Themenwechsel: Wissen die Gäste der Hochwildalm eigentlich, wer Sie bedient?Einige kommen extra wegen mir her. Was mich sehr freut: Bei den deutschen Gästen genieße ich einen ganz anderen Stellenwert als bei den Österreichern. Wie muss man das verstehen?Die wissen mehr zu schätzen, was ich als Fußballer erreicht habe. Ich trau` mich zu sagen: Von den Einsätzen in der Champions League und im UEFA-Cup her, hat kein anderer Österreicher so viele Spiele auf diesem Niveau gespielt. Aber in Österreich genieße ich nicht den Stellenwert, der mir eigentlich zustehen würde.Warum ist das so?Wahrscheinlich, weil ich mich selbst nie so in den Mittelpunkt gestellt habe, wie ein paar andere. Scheinbar ist es in unserer heutigen Gesellschaft besser, wenn einer einen Vogel oder einen Pecker hat. Der kommt dann besser an als ein bodenständiger, zurückhaltender Typ.Stichwort Marko Arnautovic?Der Arnautovic ist das negative Extrem. Der rühmt sich, dass er die Champions League gewonnen hat. Dabei hat er nur zwei Minuten gespielt. Ich hab` vier Halbfinalpartien in der Champions League gespielt.Das Finale gegen Juventus haben Sie aber verpasst.Das ist die einzige Episode aus meinem Fußballerleben, die mir heute noch wehtut. Wenn du vorher alle Partien machst, und dann im Finale nicht einmal auf der Bank sitzen darfst, dann ist das der Hammer. Du sitzt oben auf der Tribüne und hast das Gefühl, dass du nicht zur Mannschaft dazu gehörst.Haben Sie Sich über den Champions-League-Sieg überhaupt freuen können?Nein, damals bin ich komplett neben den Schuhen gestanden. Du kannst dich in dem Moment nicht freuen. Trotzdem berührt mich Dortmund auch heute noch. Toll, wie die Menschen in dieser Stadt mit dem Verein mitgehen. Ich möchte da auch wieder einmal rauf und mich in die Fankurve stellen. Dortmund ist einer der wenigen emotional gesunden Vereine, die es noch gibt. Es gibt auch andere Beispiele.Sie werden doch nicht etwa Red Bull Salzburg meinen? Ich will gar nicht viel darüber reden, weil mir das so aufstößt. Was die aufführen, da speibst dich an.
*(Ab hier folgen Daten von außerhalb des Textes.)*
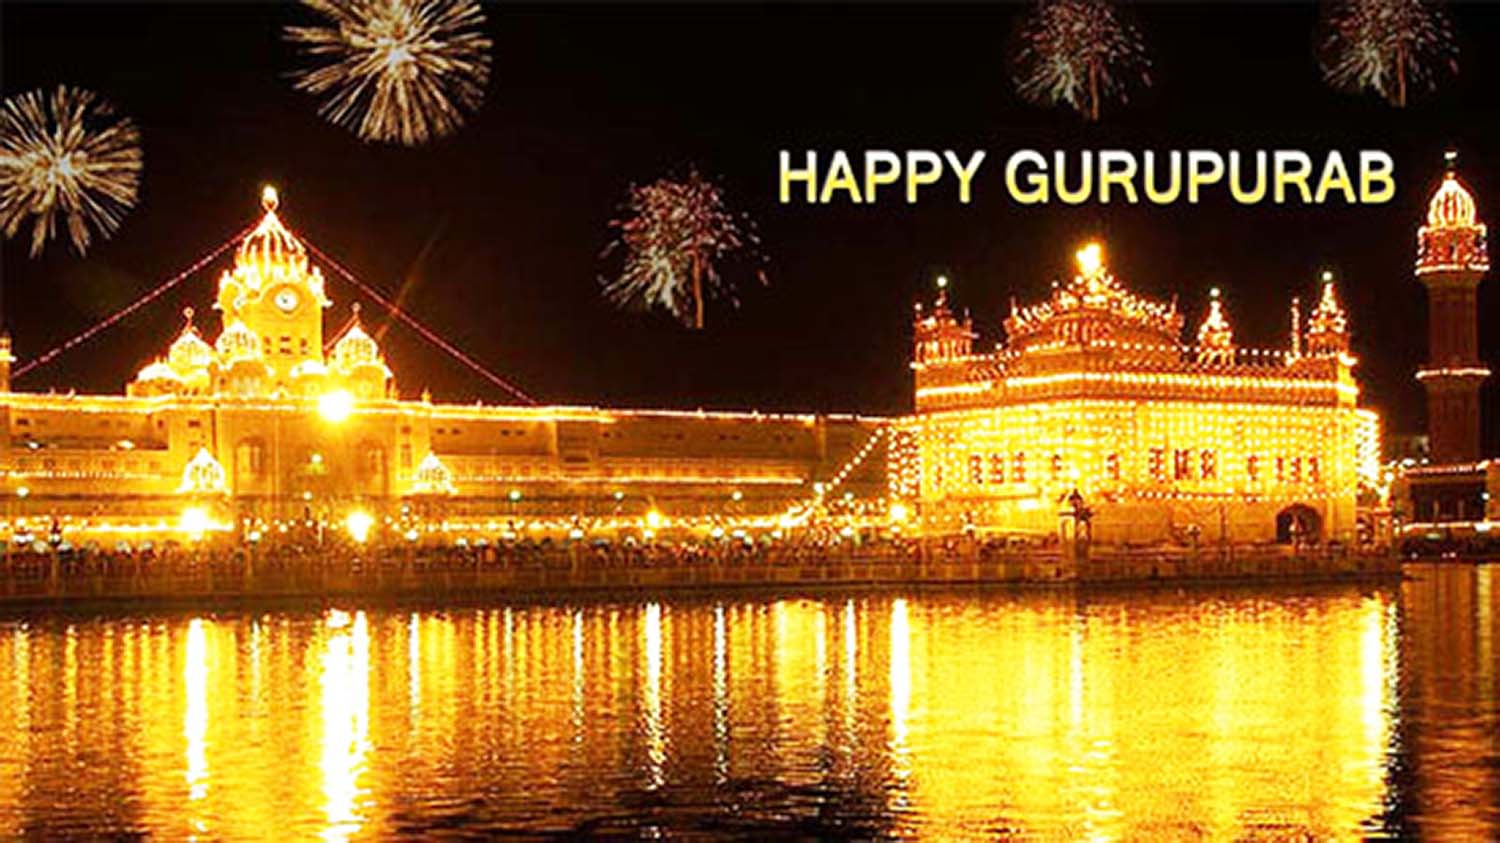 Happy Gurupurab Images HD, Pictures, Wallpapers and

Hut ab, was Red Bull weltweit geschafft hat, aber das, was in Salzburg abgeht, das ist schon imageschädigend für den Konzern und nur noch eine Lachnummer.
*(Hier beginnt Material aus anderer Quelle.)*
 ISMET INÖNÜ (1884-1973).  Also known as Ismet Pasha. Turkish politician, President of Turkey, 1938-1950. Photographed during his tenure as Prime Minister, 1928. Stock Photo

Wolfgang Feiersinger: Meisterkicker und Naturbursch
Der Mensch Wolfgang Feiersinger (*30. Jänner 1965 in Saalfelden) lebt in St. Johann in Tirol. Tochter Laura (19) ist erfolgreiche Fußballerin beim FC Bayern. Der Fußballer Feiersinger wechselte mit 21 Jahren von Saalfelden zu Austria Salzburg, wo er zum Leistungsträger und Publikumsliebling avancierte. Mit den Salzburgern gewann Feiersinger drei Mal den Titel und erreichte das UEFA-Cup-Finale. Von 1996 bis 2000 spielte er für Borussia Dortmund und gewann die Champions League. Feiersinger kam 46-mal im Nationalteam zum Einsatz und war Mitglied der WM-Mannschaft 1998. Der Hüttenwirt Seit drei Jahren bewirtschaftet der Naturliebhaber und Bergfex die Hochwildalm in Aurach. Die Hütte ist von Juni bis 1. Oktober durchgehend offen. Gehzeit vom Wildpark Aurach: 90 Minuten.